Audit and Inspection

The definition for auditing from section 1.6 of the ICH GCP Guideline is as follows: “A systematic and independent examination of trial related activities and documents to determine whether the evaluated trial related activities were conducted, and the data were recorded, analysed and accurately reported according to the protocol, sponsor's standard operating procedures (SOPs), Good Clinical Practice (GCP), and the applicable regulatory requirement(s).”

The THEPCA study may receive an audit by any of methods listed below:

1. A project may be identified via the risk assessment process.

2. An individual investigator or department may request an audit.

3. A project may be identified via an allegation of research misconduct or fraud, or a suspected breach of regulations.

4. Projects may be selected at random. The Department of Health states that Trusts should be auditing a minimum of 10% of all research projects.

5. Projects may be randomly selected for audit by an external organization. Internal audits will be conducted by a sponsor’s representative.

Noncompliance

Noncompliance, as described in the ICH GCP Guideline, can be defined as “a noted systematic lack of both the CI and the study staff adhering to SOPs/protocol/ICH-GCP, which leads to prolonged collection of deviations, breaches or suspected fraud.”

Noncompliance events may be captured from a variety of different sources including monitoring visits, CRFs, communications, and updates. The sponsor will maintain a log of the noncompliance events to ascertain if there are any trends developing which need to be escalated. The sponsor will assess the noncompliance events and implement a time frame of actions in which they need to be dealt with. Each action will be given a different time frame dependent on the severity. If the noncompliance events are not dealt with accordingly, the sponsor will agree on an appropriate action, including an on-site audit.

Trial Committees

Trial Management Group

A Trial Management Group (TMG) has been formed comprising the chief investigator, other lead investigators—clinical and nonclinical—and members of the data centers. The TMG will be responsible for the day-to-day running and management of the trial and will meet at least three times a year by teleconference.

Trial Steering Committee

The Trial Steering Committee (TSC) has membership from TMG plus independent members, including the chair. The role of the TSC is to provide overall supervision for the trial and provide advice through its independent chairman. The ultimate decision for the continuation of the trial lies with the TSC.

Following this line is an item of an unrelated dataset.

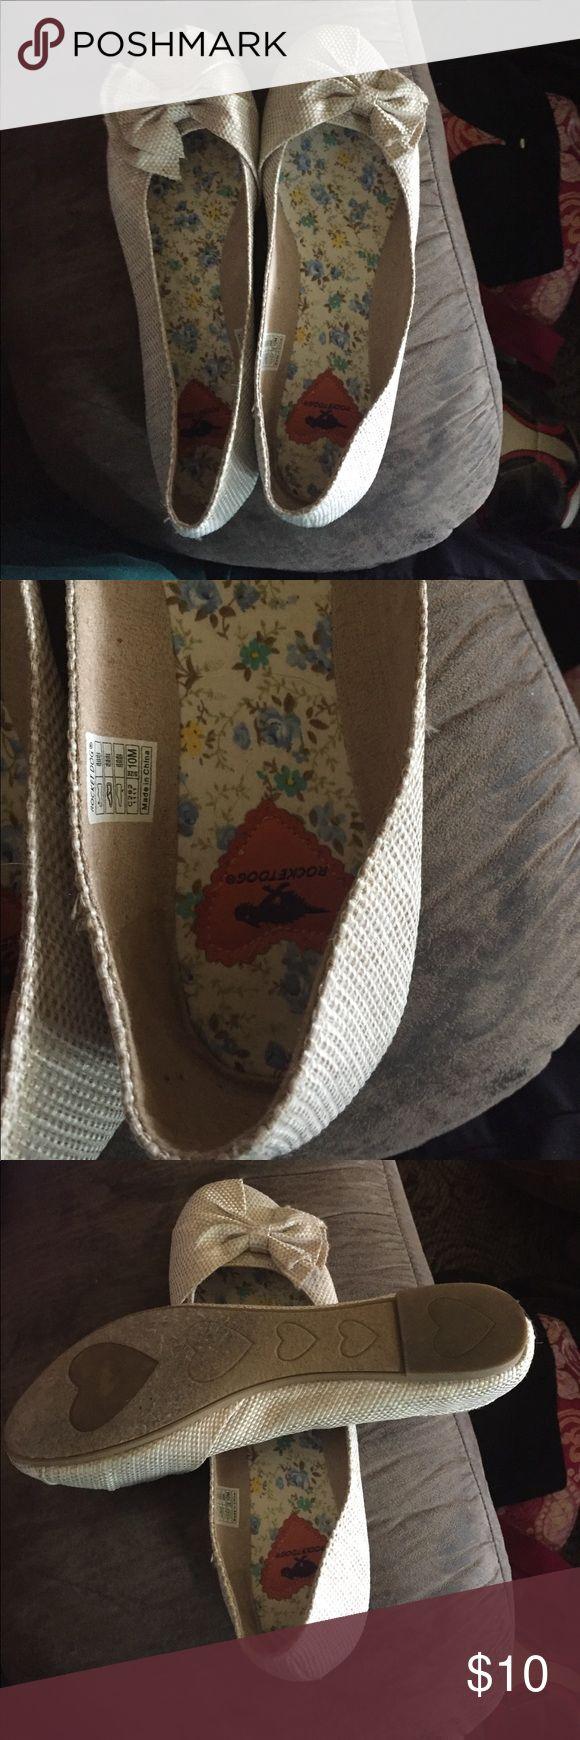 Rocket dog flats Adorable never worn rocket dog canvas flats, bow detail on the toe Rocket Dog Shoes Flats & Loafers

Independent Data Monitoring Committee

The Independent Data Monitoring Committee (IDMC) is the only group who sees the confidential, accumulating data from the trial. Reports to the IDMC will be produced by the Clinical Trials Unit (CTU) statisticians. The IDMC will meet within 6 months of the trial opening, with the frequency of meetings dictated by the IDMC.

Radiotherapy Quality Assurance Subgroup

The Radiotherapy Quality Assurance Subgroup developed the RT quality assurance (QA) plan and issued guidance on delivering RT in this trial.

Results

Results from this feasibility trial will be available in mid-2016.

Discussion

If the results from this feasibility trial show evidence that the sequence of treatment modality does affect the patients’ toxicity profiles, then funding would be sought to conduct a large, multicenter, randomized controlled trial.